A manufacturer knows that their items have a normally distributed length, with a mean of 16.9 inches, and standard deviation of 3.7 inches.

If one item is chosen at random, what is the probability that it is less than 21.9 inches long?

1 answer

To find the probability that a randomly selected item has a length less than 21.9 inches, we can use the properties of the normal distribution.

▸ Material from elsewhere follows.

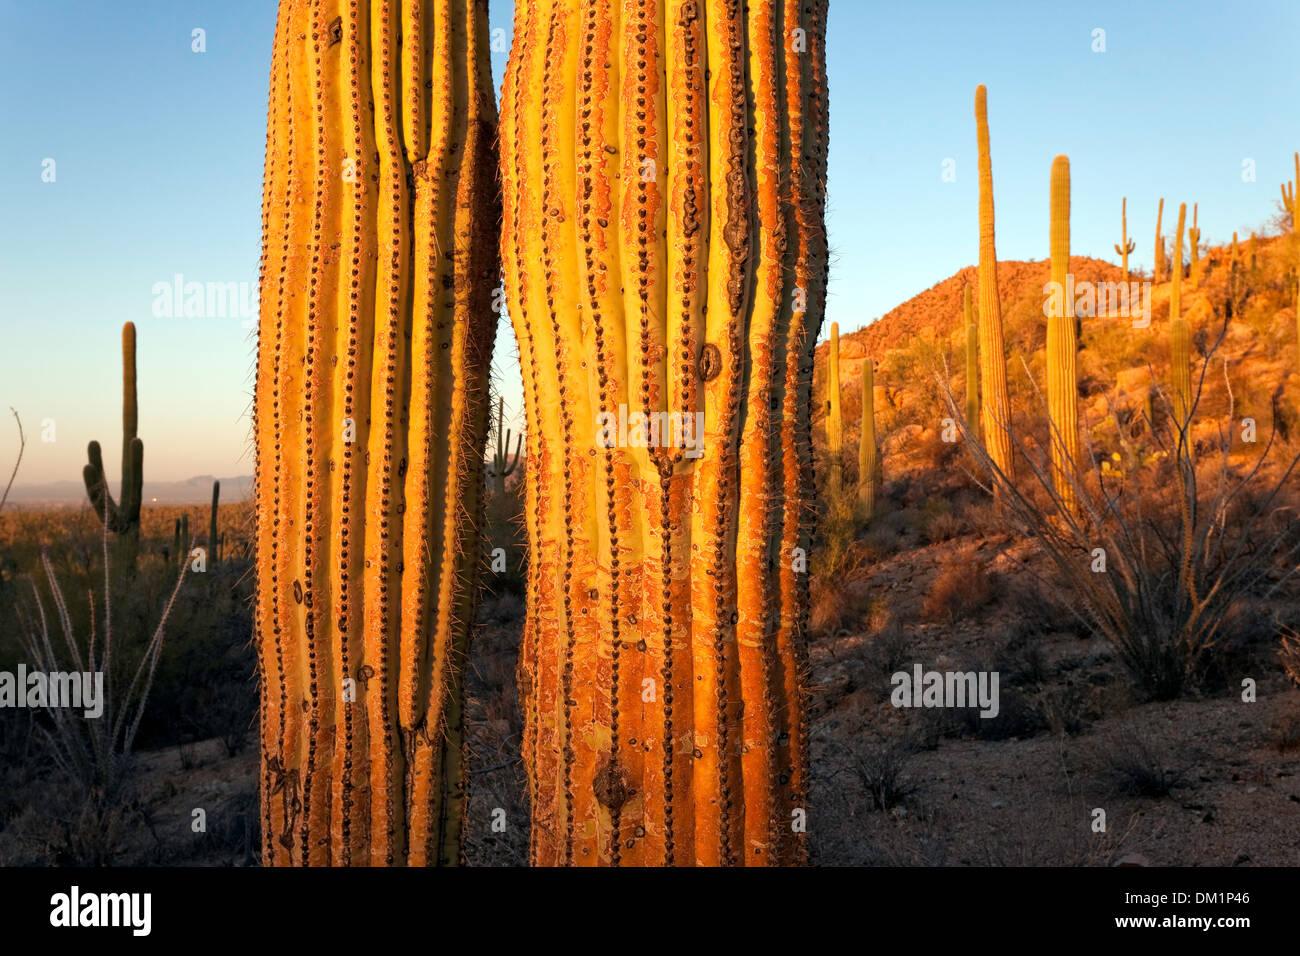 Gigantischen Saguaro Kaktus (Carnegiea gigantea), Saguaro National Park West Einheit, Tucson, Arizona Stockbild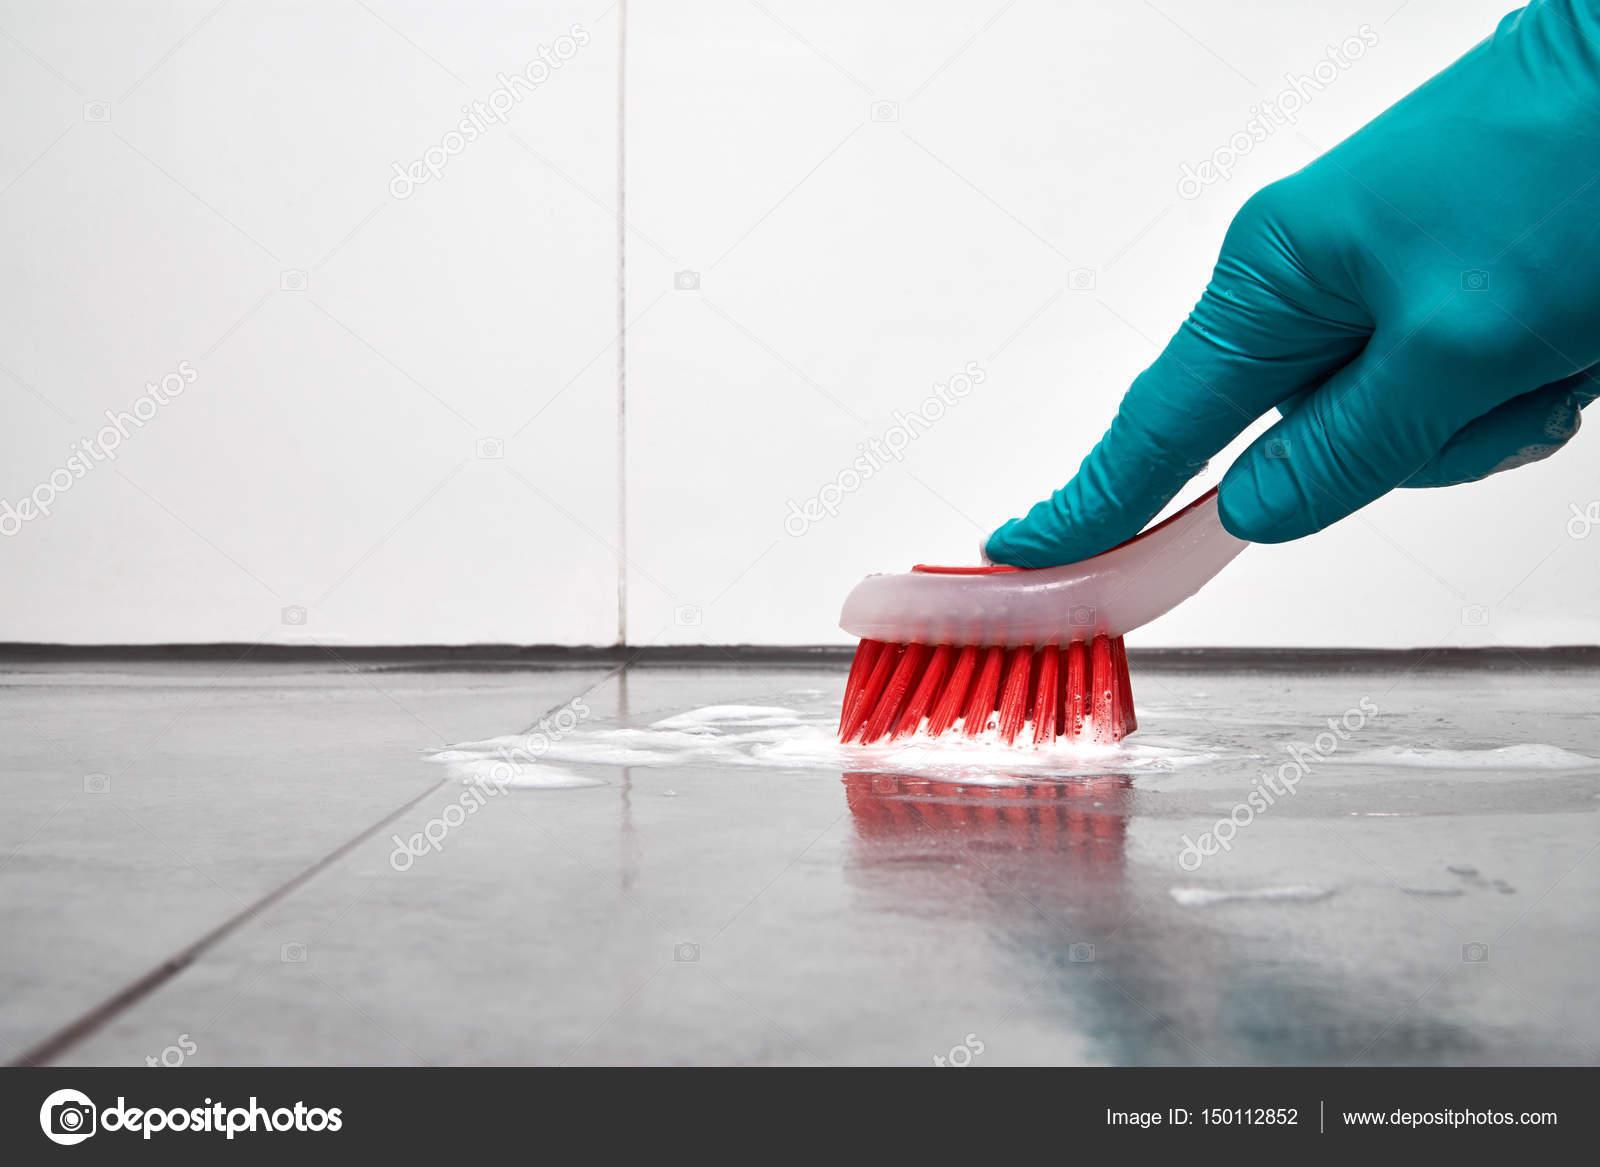 Maschio a mano con pennello rosso pulizia piastrelle del bagno al

We will first standardize the value using the Z-score formula:

\[ Z = \frac{X - \mu}{\sigma} \]

where:

  • \( X \) is the value we are interested in (21.9 inches),
  • \( \mu \) is the mean (16.9 inches),
  • \( \sigma \) is the standard deviation (3.7 inches).

Substituting the values:

\[ Z = \frac{21.9 - 16.9}{3.7} = \frac{5.0}{3.7} \approx 1.3514 \]

Now that we have the Z-score, we can use the Z-table (or a calculator) to find the probability that corresponds to \( Z = 1.3514 \).

Looking at the Z-table or using a calculator, we find:

\[ P(Z < 1.3514) \approx 0.9115 \]

Thus, the probability that a randomly selected item is less than 21.9 inches long is approximately 0.9115 or 91.15%.

So, the final answer is:

\[ \text{Probability} \approx 0.9115 \]